Langsam hin und her schwankend, begann Saravio zu singen. Eduin konnte ihn nicht aufhalten. Er machte sich auf die Laran -Vibration gefasst, die den Beginn der Manipulation seines Wohlbehagens anzeigte. Dann würde er verloren sein, gefangen zwischen krankem Vergessen und dem Zorn von Schuld und Qual, ohne sich auch nur im Schutz der Dunkelheit verbergen zu können. Diese Menschen, Raynita, Jorge und Tia , deren schwarzen Augen kaum etwas entging, würden erkennen, was er war…
   Aber warum zählte das noch? In all den Jahren auf den Straßen von Thendara hatte ihn nie interessiert, was andere von ihm hielten, und er hatte sich höchstens darauf konzentriert, nicht aufzufallen. Die Menschenmenge am See, Naotalbas gesichtslose Armee, war nur ein Mittel zum Zweck gewesen. Zuvor, in Arilinn, hatte er seine Lehrer wegen der Belehrungen geschätzt, die ihm seinen Platz, seine Chance verschaffen würden. Varzil war ein Hindernis gewesen, und Carolin… Carolin hatte ihn geliebt wie einen Bruder, hatte zu ihm gehalten… Carolin musste sterben, Carolin musste immer noch sterben… Er musste sich diese Schwäche aus dem Herzen reißen, ein und für alle Mal .

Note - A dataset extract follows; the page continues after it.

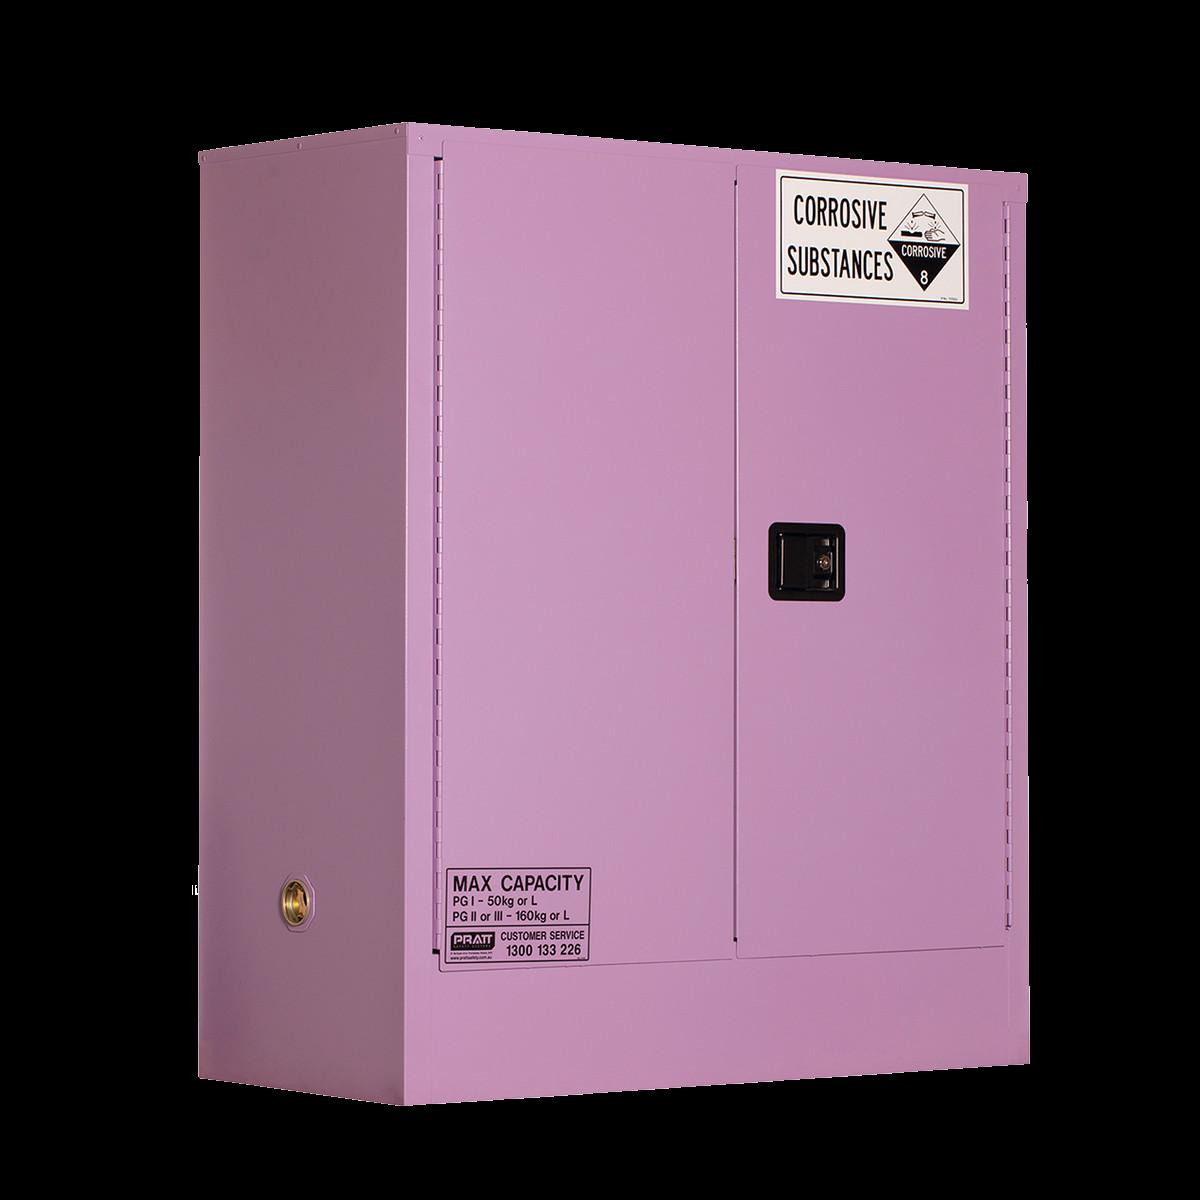 Corrosive Storage Cabinet 160 Liters - 2 Door, 2 Shelf

   Eduin erlebte noch einmal den Augenblick, als Saravio ihn in Thendara aus der Gosse gezogen hatte, diesen Riss in der schwarzen Rüstung seines Alleinseins. Carolin war der Erste gewesen, der sie durchdrungen hatte, und dann Dyannis, und nun lag diese Schwäche in ihm bereit und wartete auf einen weiteren solchen Augenblick.
   Bei jeder anderen Gelegenheit hätte er vielleicht versucht, Saravios Botschaft auszublenden, seine Barrieren zu behalten. Aber nicht an diesem Abend. Nicht mit diesem Druck, der sich in den letzten Tagen unaufhörlich wieder aufgebaut hatte. Nicht mit der Erinnerung an Carolins Freundschaft so frisch in seinen Gedanken.

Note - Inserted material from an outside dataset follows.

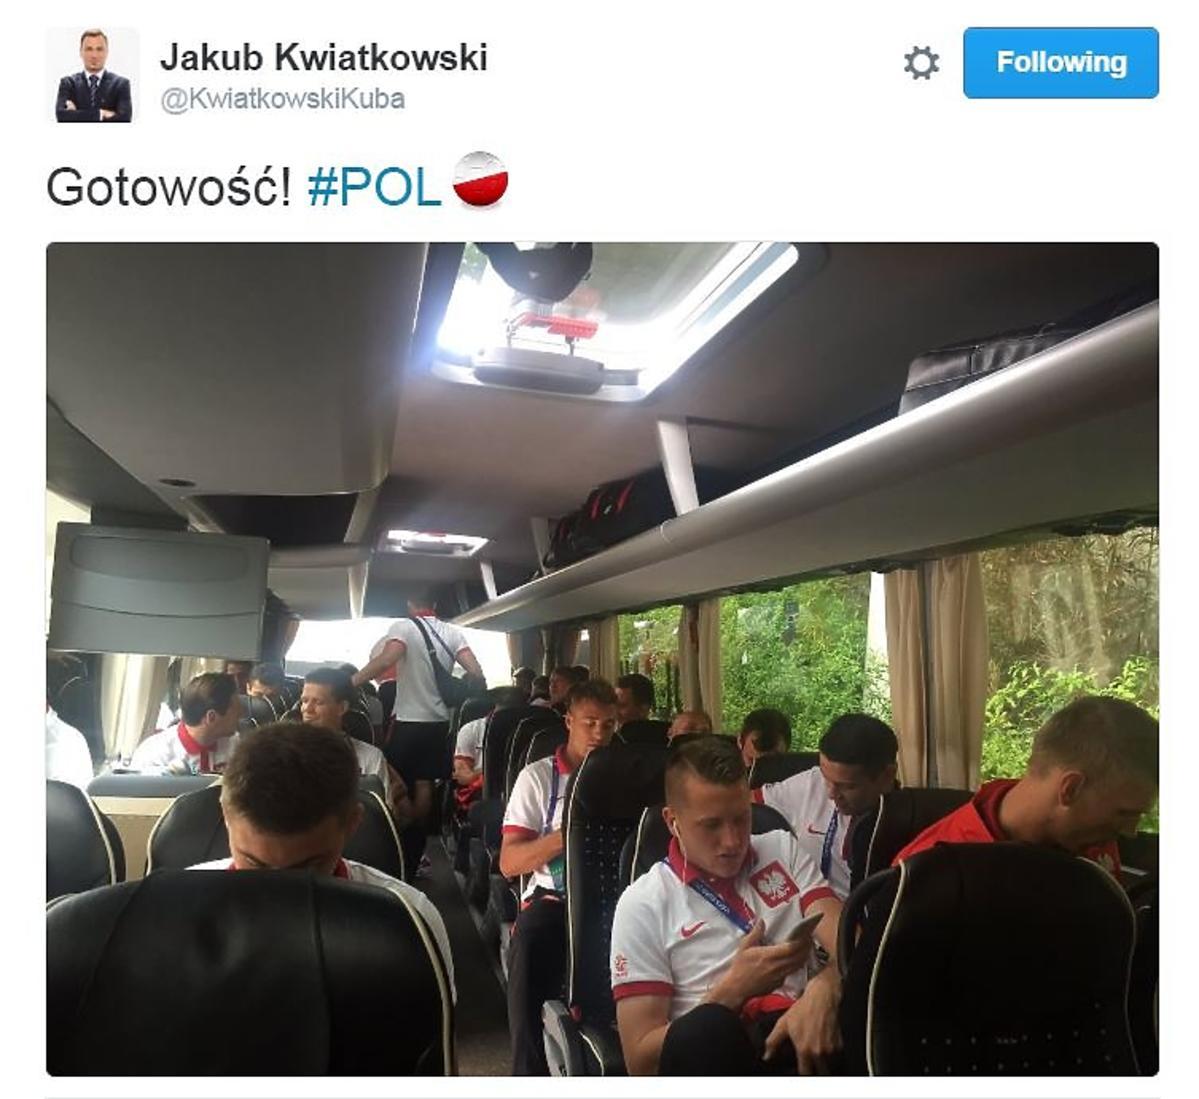 Polscy piłkarze w drodze na mecz relacja na żywo Polska - Ukraina

   »Flattert durch das Himmelsblau, und kehrt zurück, die Brust voll Tau.« Mit einer Stimme so klar wie Silberglöckchen antwortete Raynita Saravio. Sie lächelte und sah ihn an, aber er reagierte nicht, nicht einmal, als sie eine Diskantharmonie um seine Stimme wob.

»… und sie zwitschert und singt,
Flattert durch das Himmelsblau
Und kehrt zurück, die Flügel voll Tau .«

Eduin war auf alles gefasst, aber keine geistige Berührung erfolgte, keine Ekstase packte ihn mit gnadenlosem Griff. Es gab nur die Musik, süß und schlicht, die geübte Stimme des Mädchens, die sich über die von Saravio erhob, das Lautenspiel des Jungen, das Nicken der alten Frau im Rhythmus.
   Selbstverständlich, erkannte er nun. Diese Menschen verspürten nicht den tiefen Schmerz, der Saravios Gabe auslöste, sie waren einfach nur warmherzig und liebenswert. Und er selbst hatte auch nicht darum gebeten und sein eigenes Bedürfnis verborgen.